"Look out now, zee!" said Fritz, pointing upward. Almost over our head was Number 7's spout, and, dribbling off the end, another small rope of sparks.

We fell over each other to the pit's edge, stopping when we reached tracks. Looking back at once, we saw that the stream had thickened like the other in the slag-hole. But here it was molten steel, and with a long drop of thirty feet. The rebound of the thudding molten metal sent it off twenty-five or thirty feet in all directions. Three different groups of men were backing off toward the edge of the pit.

The stream swelled steadily till it reached the circumference of a man's body, and fell in a thudding shaft of metallic flame to the pit's floor. Spatterings went out in a moderately symmetrical circle forty feet across. The smaller gobs of molten stuff made minor centres of spatter of their own. It was a spectacle that burned easily into memory.

The gang of men at the edge of the pit watched the thing with apparent enjoyment. I wondered slowly two things: one, whether anyone ever got caught under such a molten Niagara, and two, whether the pit was going to have a steel floor before it could be stopped. How could it be stopped, anyway?

The craneman had been busy for some minutes picking up a ladle from Number 4, and at that instant he swung it under, and the process of steel-flooring ceased.[2]
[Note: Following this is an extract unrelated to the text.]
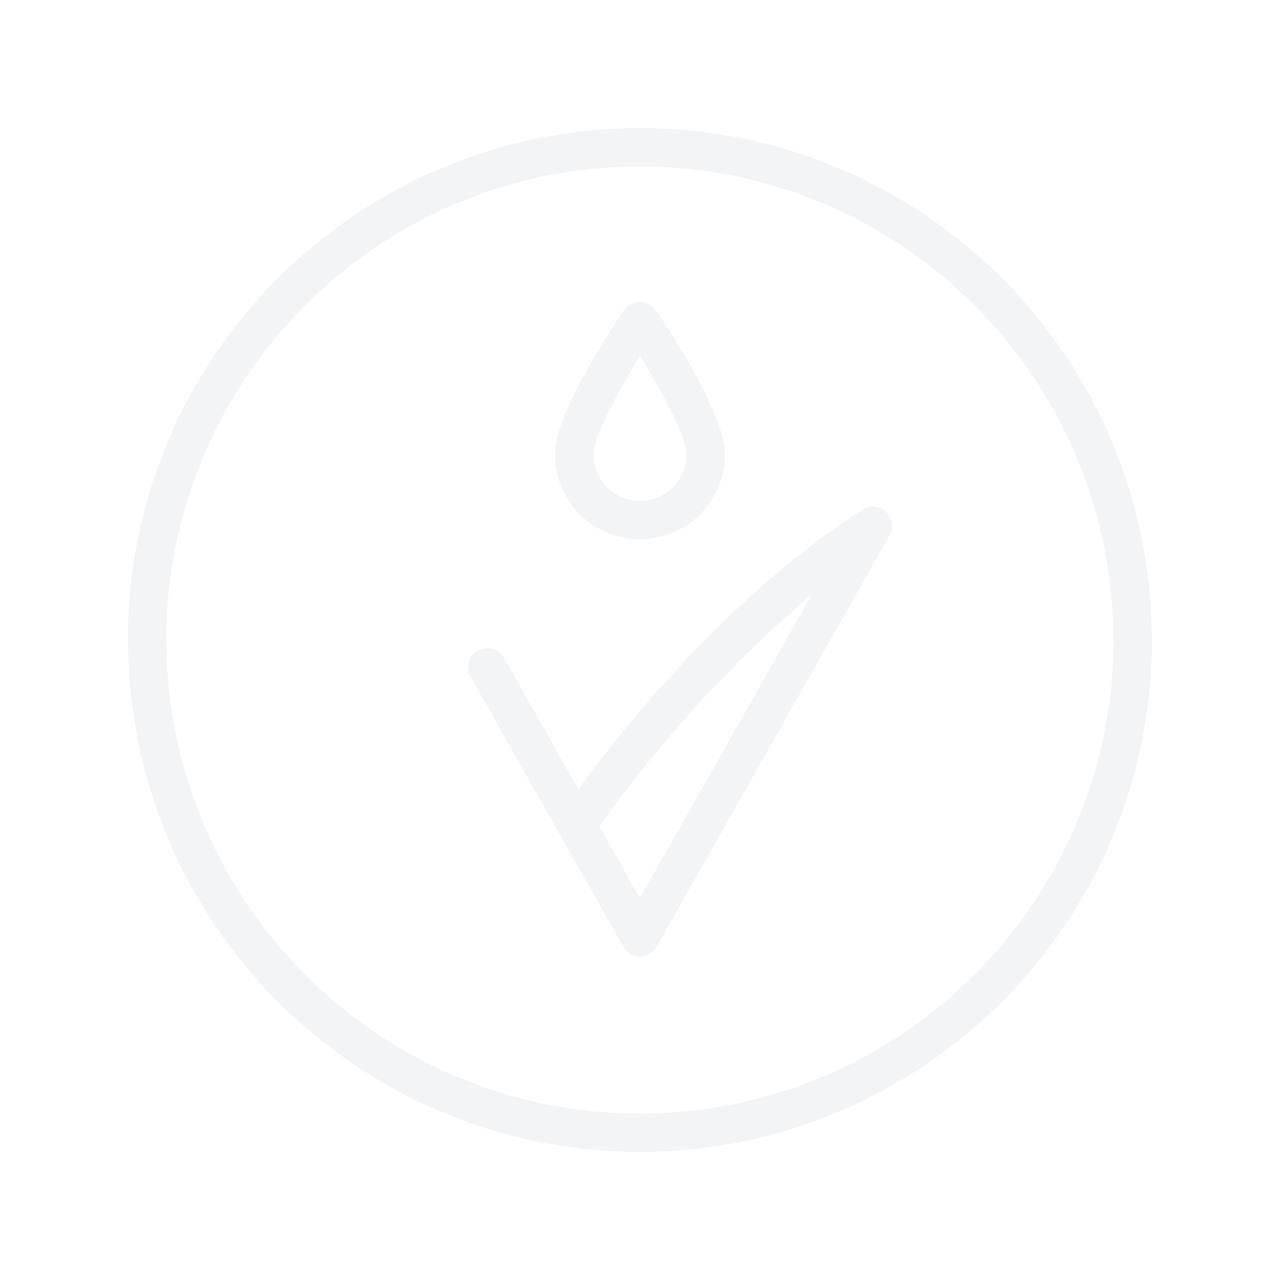 ELIZABETH ARDEN Ceramide Cream Blush No.3 Honey 2.67g

What the devil had happened? I talked with everybody I could as they broke up at the pit's edge. It was a rare thing I learned: the mud and dolomite (a limestone substance) in the tap-hole had not been properly packed, and broke through. My companions told me about another occasion, some years before, when molten steel got loose. It happened on the Bessemer furnaces, and the workers hadn't either the luck or agility of ourselves. It caught twenty-four men in the flow—killed and buried them. The company, with a sense of the proprieties, waited until the families of the men moved before putting the scrap, which contained them, back into the furnace for remelting.
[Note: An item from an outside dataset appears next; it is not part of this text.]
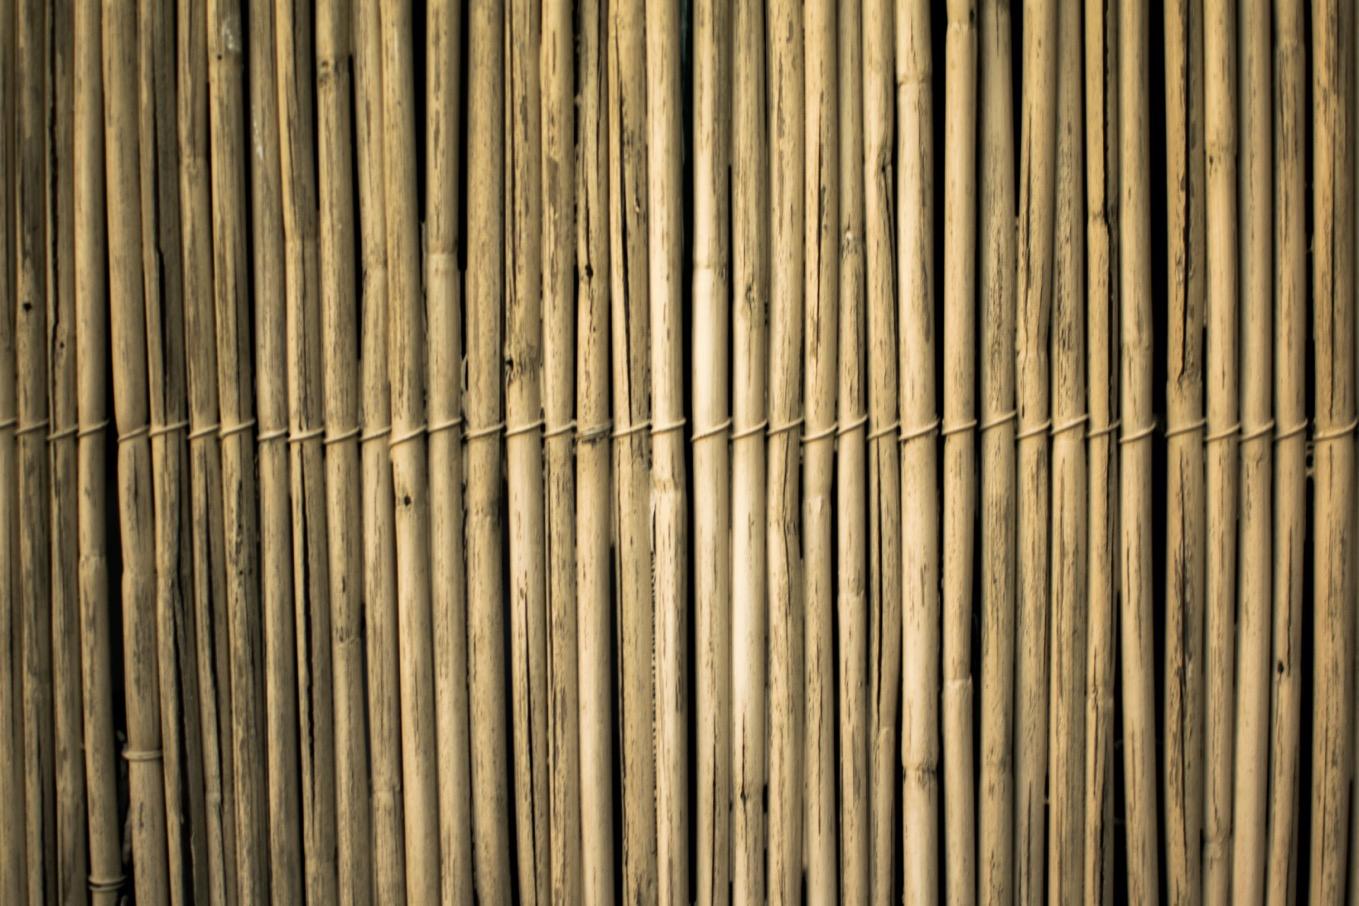 Brown bamboos 2463358

As I ate three bowls of oatmeal at the Greek's, at 7.15, I thought, "Those fellows do these shifts, year after year. What does the heat, and the danger, and the work do to them? Maybe they 'get used to' the whole business. Will I?"

I went to bed at 8.05, and all impressions faded from consciousness, except weariness, and lame arms, and a burn on each ankle.

After two or three days in the pit, I began to know the gang a little by name and character. There was Marco, a young Croat of twenty-four, who had started to teach me Croatian in return for some necessary American; Fritz, a German with the Wanderlust; Adam, an aristocratic person, very mature, and with branching moustachios; Peter, a Russian of infinite good-nature; and a quiet-eyed Pole, who was saving up two hundred dollars to go to the old country.